- [The problem]:
Transcribe the data that follows in full. Leave out the pictures.

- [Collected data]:
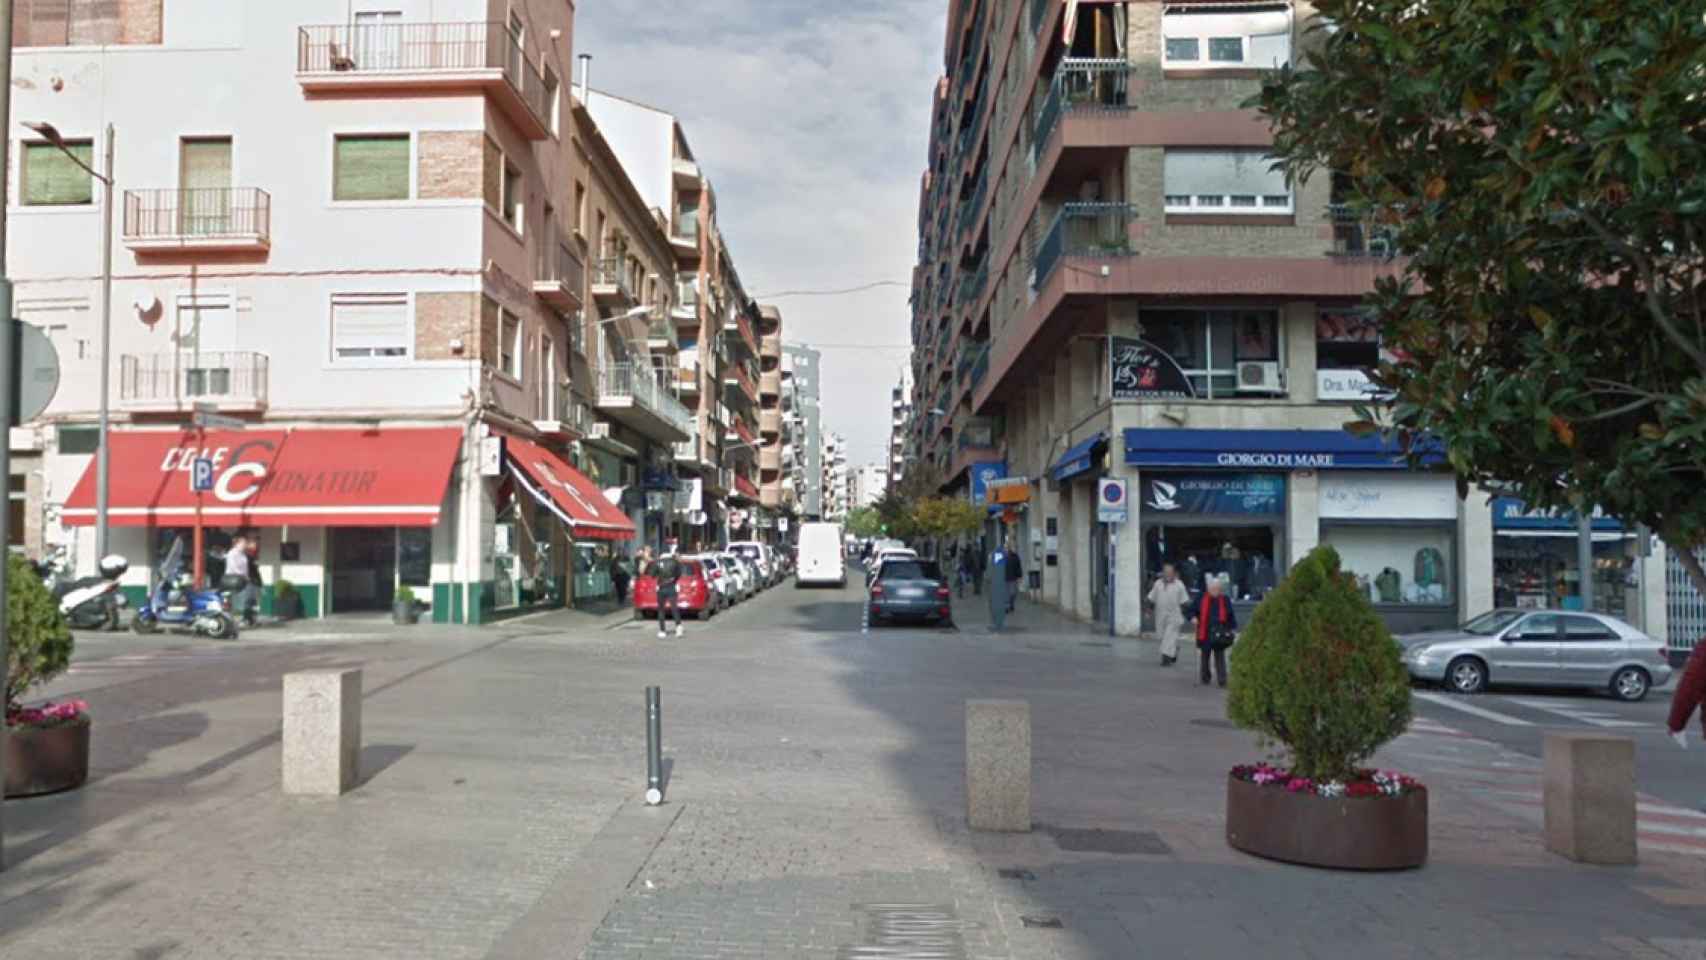 Calle Pi i Maragall en Lleida, donde han dejado inconsciente a un hombre de un puñetazo, para robarle el móvil / GOOGLE STREET VIEW
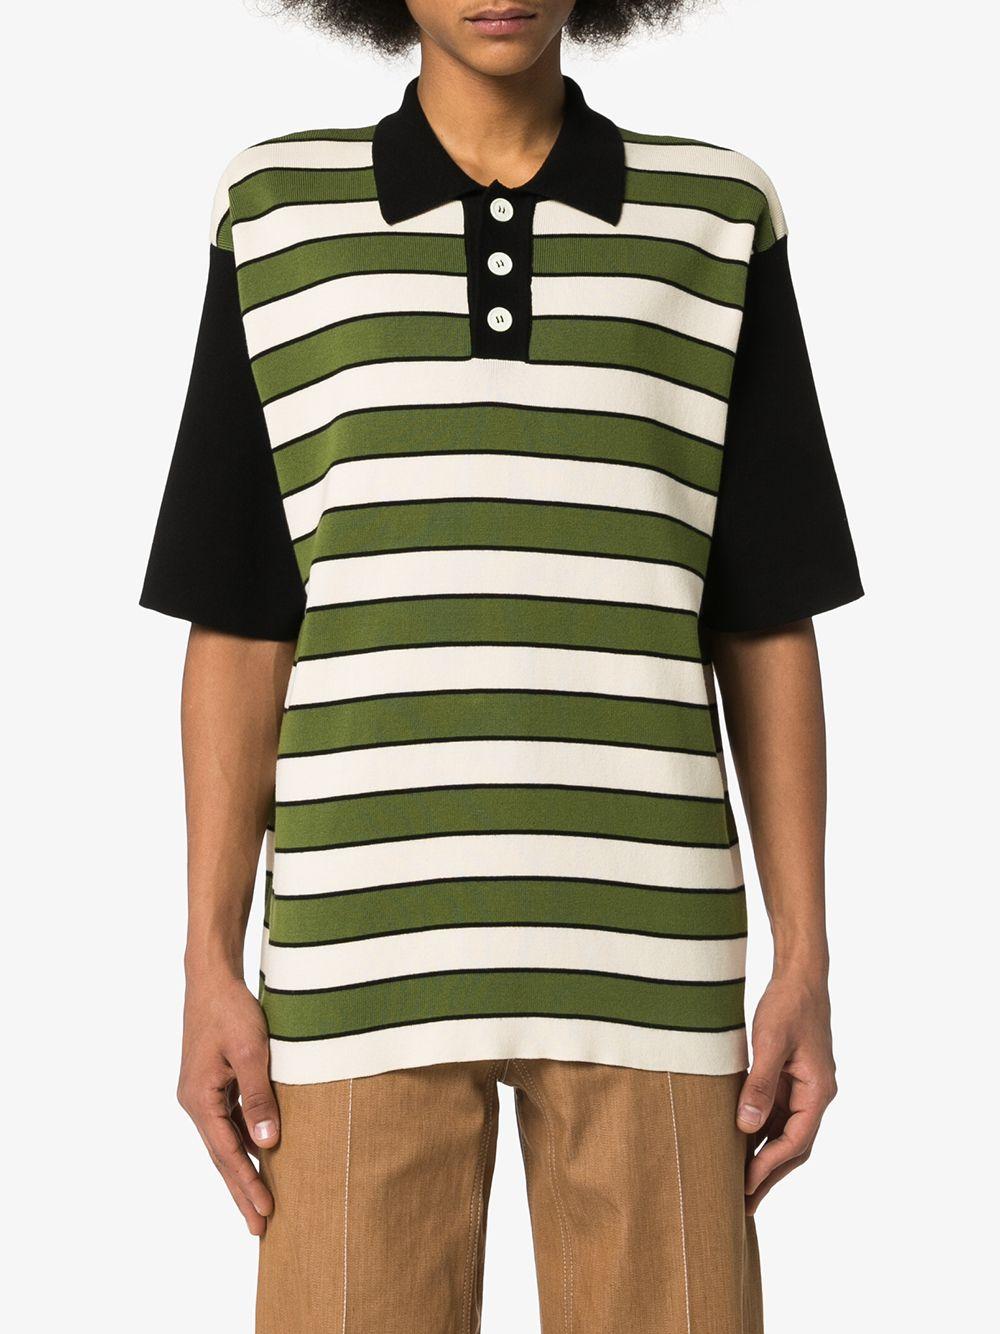 Sunnei Striped Fine-knit Polo Shirt in Green for Men - Lyst
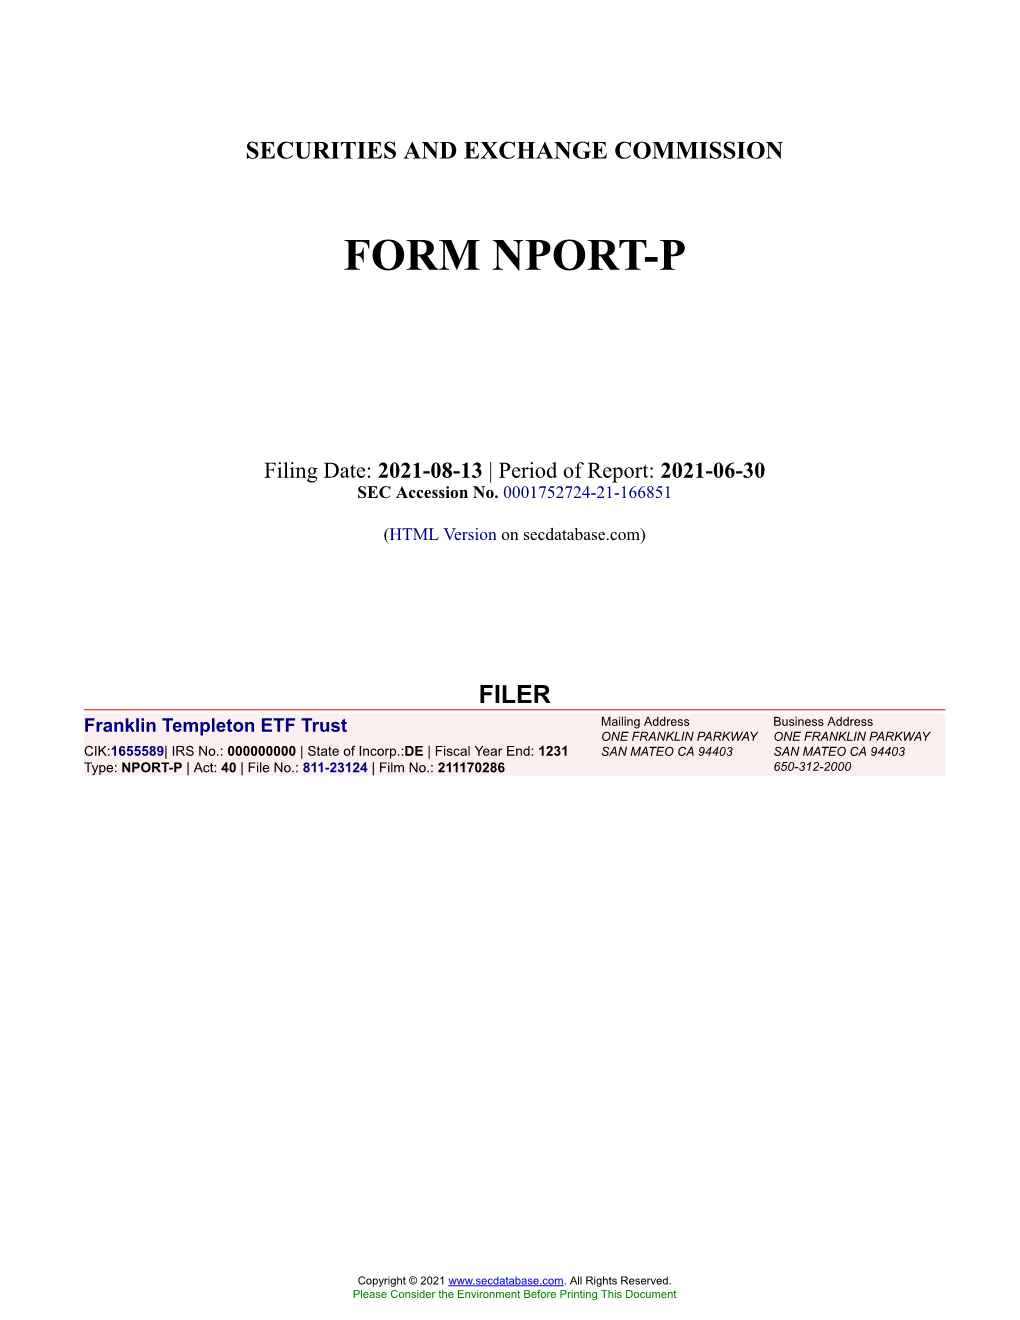 Franklin Templeton ETF Trust Form NPORT-P Filed 2021-08-13
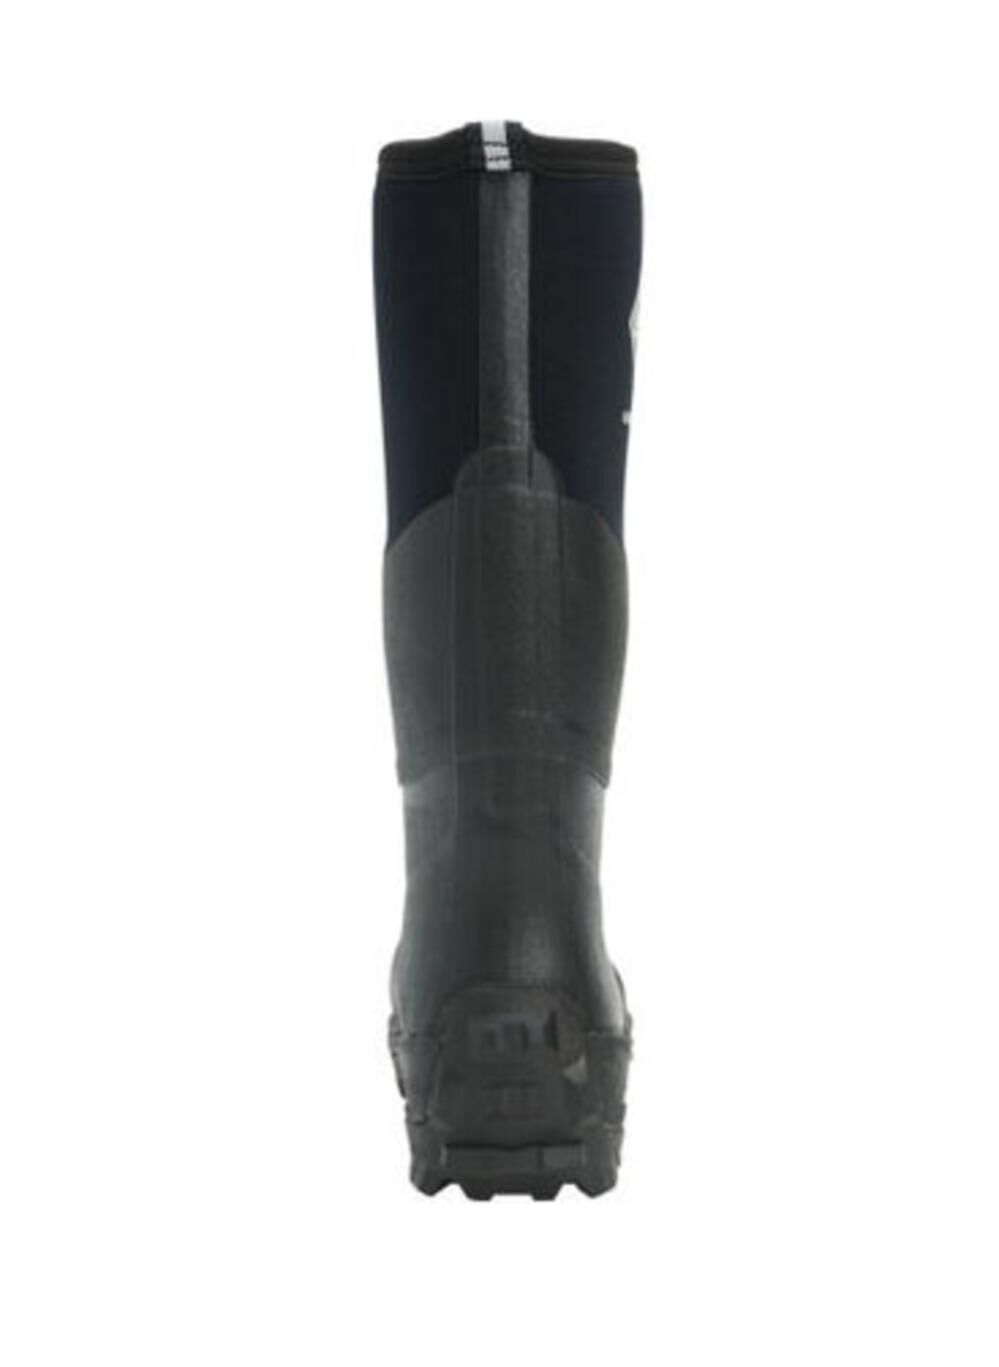 Boots Mens Muckmaster Tall Black Boots Size 13 MMH-500A-BL-130
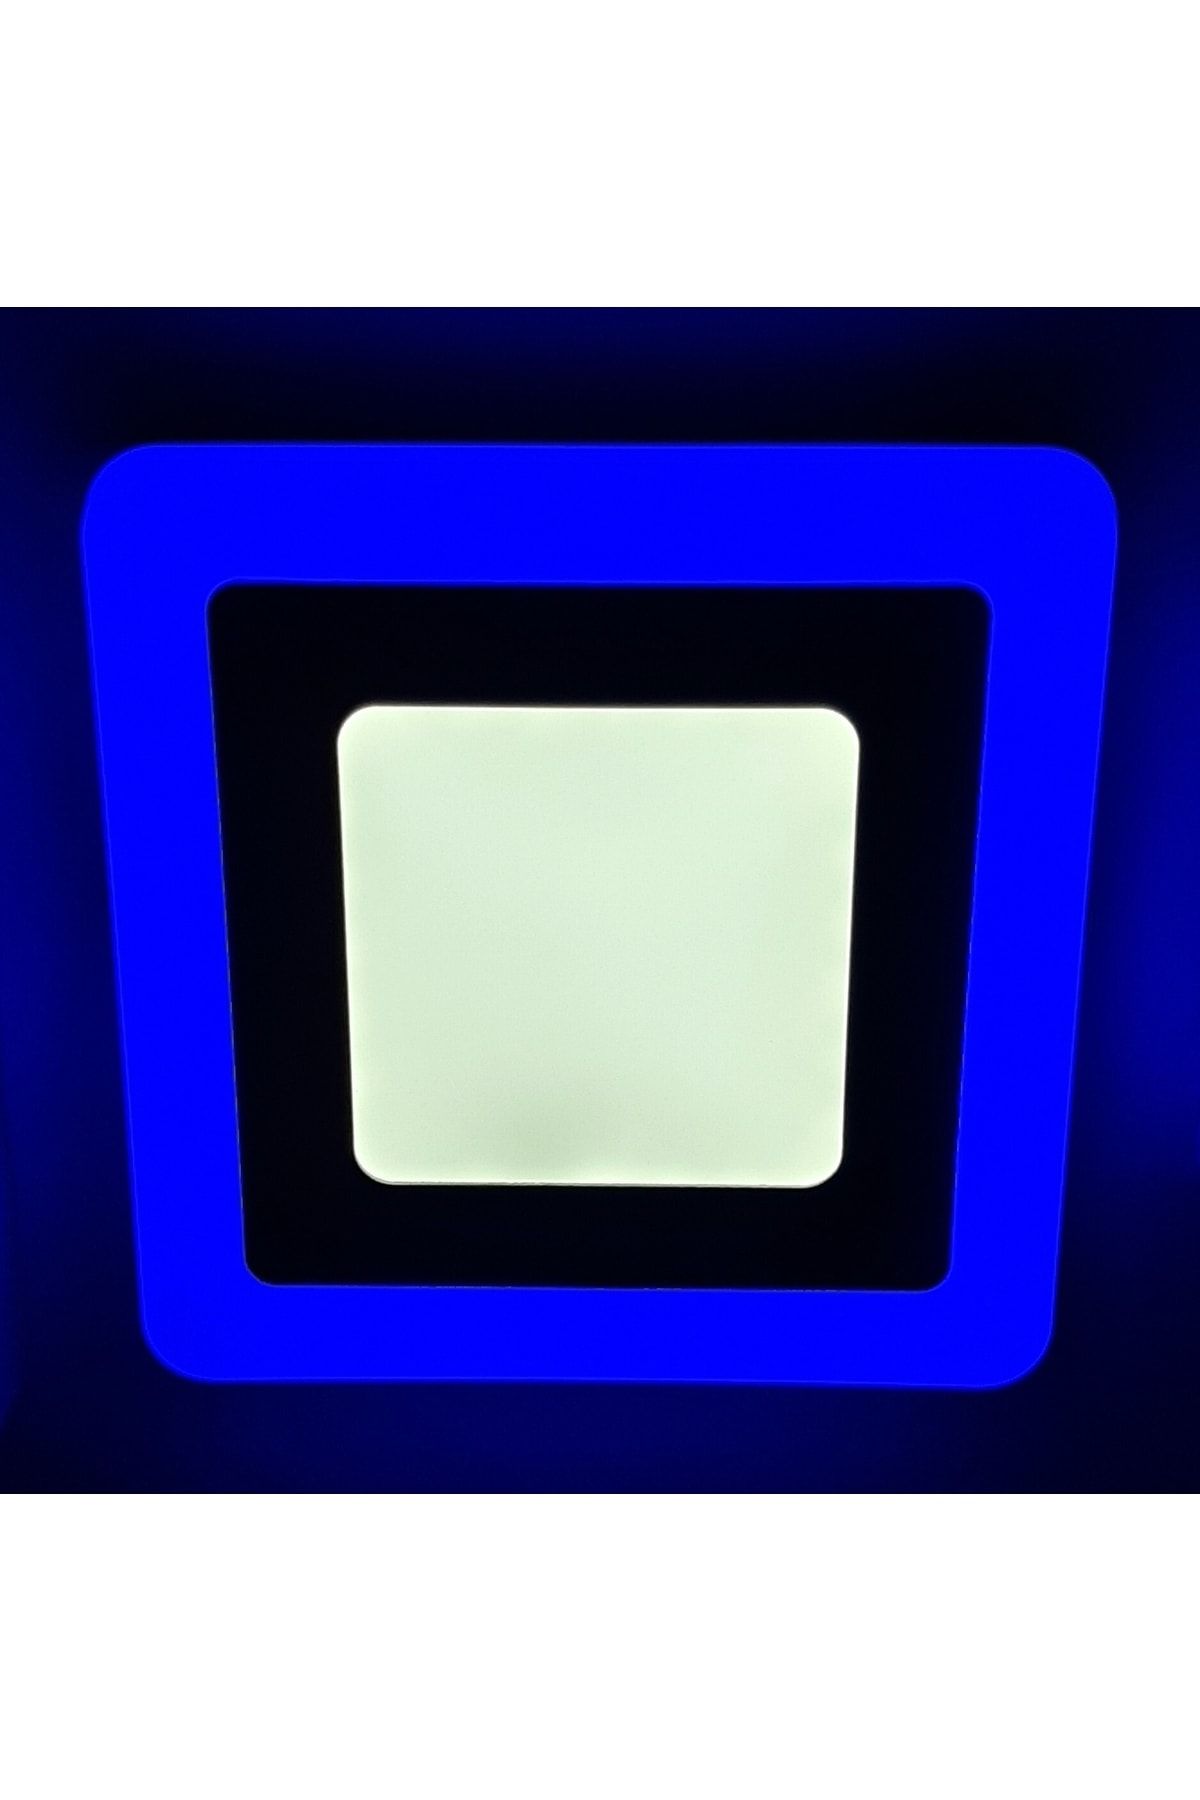 CNL Çift Renkli 6+3 W Led Panel Sıva Üstü Kare Spot Armatür (Mavi - Beyaz)

- [Written answer]:
 Calle Pi i Maragall en Lleida, donde han dejado inconsciente a un hombre de un puñetazo, para robarle el móvil / GOOGLE STREET VIEW
 Sunnei Striped Fine-knit Polo Shirt in Green for Men - Lyst
 Franklin Templeton ETF Trust Form NPORT-P Filed 2021-08-13
 Boots Mens Muckmaster Tall Black Boots Size 13 MMH-500A-BL-130
 CNL Çift Renkli 6+3 W Led Panel Sıva Üstü Kare Spot Armatür (Mavi - Beyaz)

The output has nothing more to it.